Global Findex 2021: Key Takeaways for Financial Regulators and Supervisors

The Global Findex Database is an internationally recognized source of data on global access to financial services. In this podcast, the speakers discuss the key takeaways from The Global Findex 2021, including:

  • Gaps in access to and usage of financial services by women;
  • Roles of policymakers and regulators in balancing inclusion initiatives and consumer protection measures; and
  • Insights into the behaviours that enable financial resilience.
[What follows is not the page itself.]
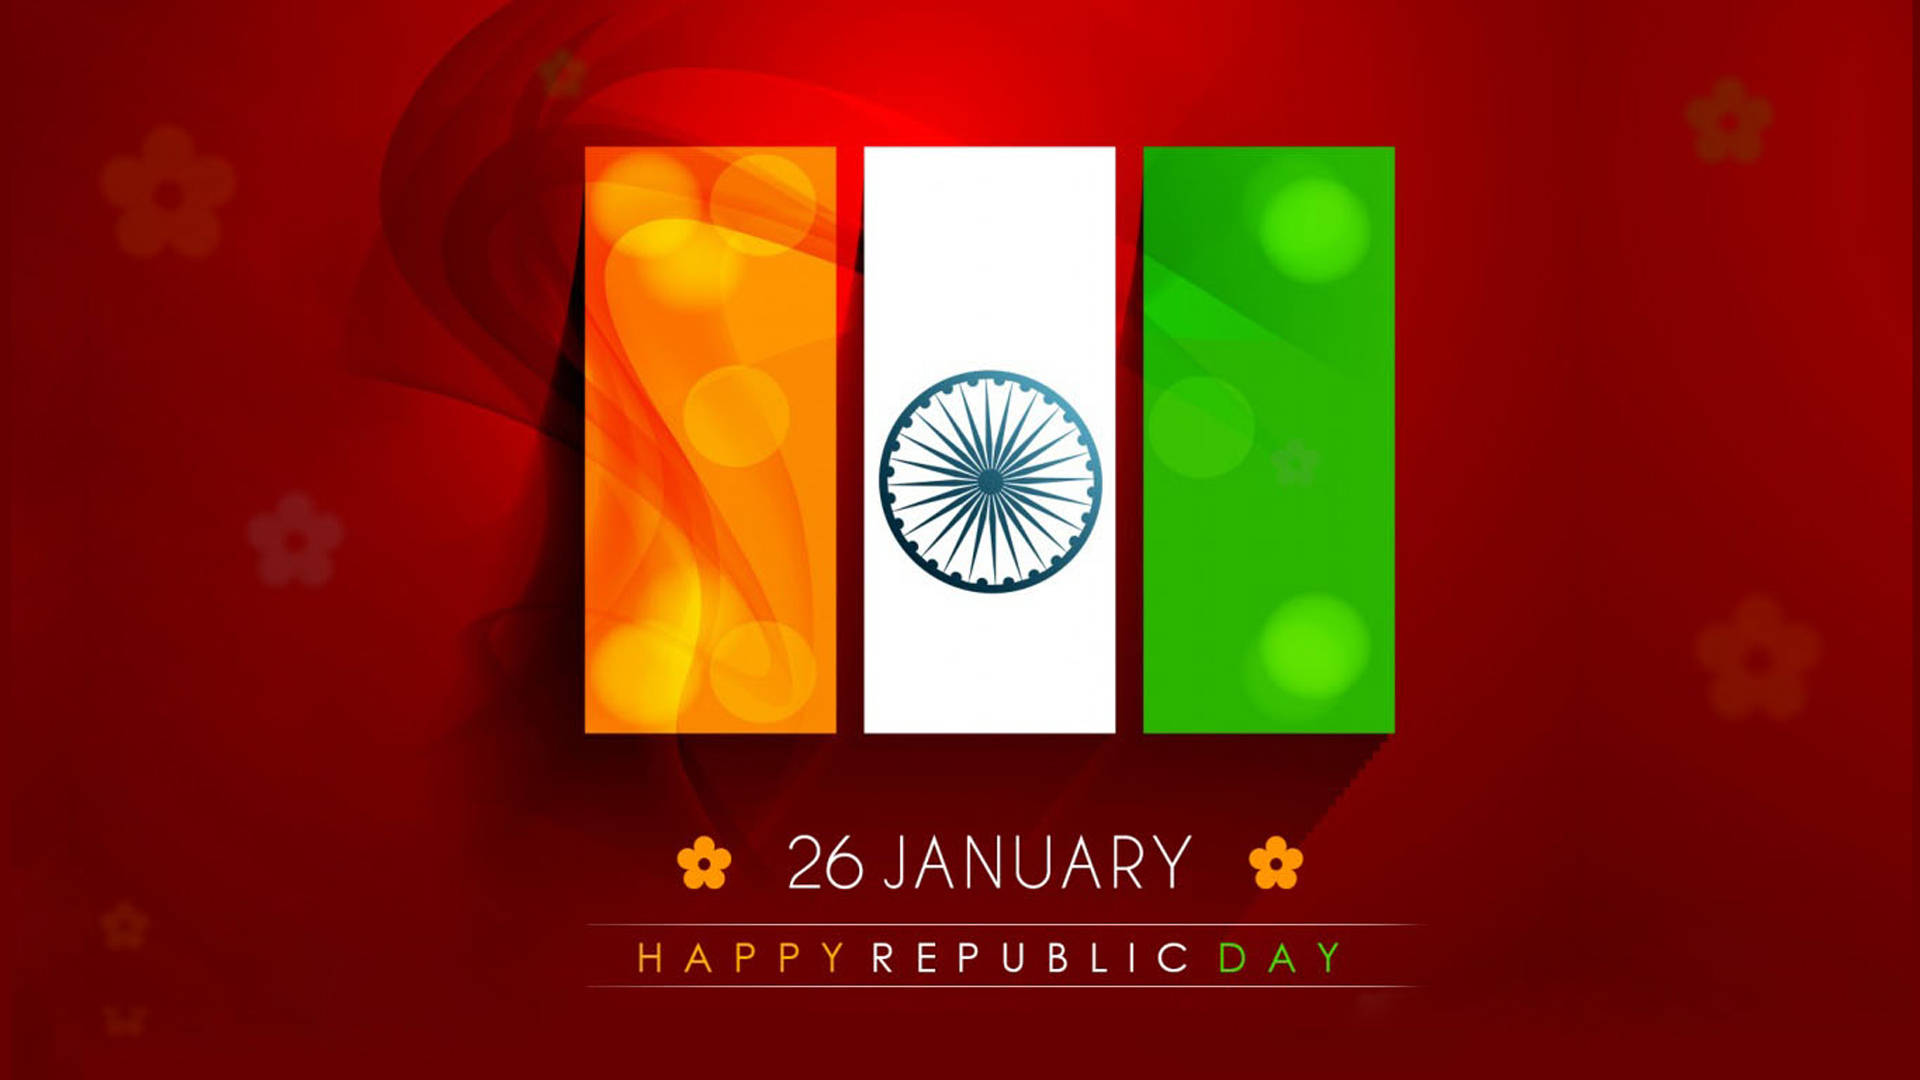 Authentic Representation Of The Tricolor On Republic Day Background

Read their biographies here. Read the transcript here.


Read the Transcript:

 

Speaker:

Leora Klapper

Lead Economist, Development Economics, The World Bank

Host:

Ruth Dueck-Mbeba

Financial Inclusion Advisor, Toronto Centre

Publish Date:

March 1, 2023

Transcript:

Automation:

You are listening to a Toronto Centre podcast. Welcome. The goal of TC Podcasts is to spread the knowledge and accumulated experience of global leaders, experts, and world-renowned specialists in financial supervision and regulation. In each episode, we'll delve into some of today's most pressing issues as it relates to financial supervision and regulation, the financial crisis, climate change, financial inclusion, FinTech, and much more. Enjoy this episode.

Ruth Dueck-Mbeba:

Hello and welcome to this podcast. The Toronto Centre's mandate is to support financial regulators and supervisors in the responsibility of ensuring financial stability, while also fostering and enabling environment for financial inclusion to bring more people into the formal economy safely and responsibly. Today's podcast is the first of two that looks at the Global Findex 2021 survey results published last year. And this podcast will focus on the trends, risks, gaps, and key messages for financial policymakers, regulators, and supervisors. To set the stage, we're reminded that financial inclusion is a cornerstone of development. And since 2011, the Global Findex database has been the definitive source of data on global access to financial services, from payments to savings, and borrowing. The 2021 edition, based on nationally representative surveys of over 125,000 adults in 123 economies during the COVID-19 pandemic, contains updated indicators on access to and use of formal and informal financial services and digital payments, and offers insights into the behaviours that enable financial resilience. The data also identify gaps in access to and usage of financial services by women and poor adults.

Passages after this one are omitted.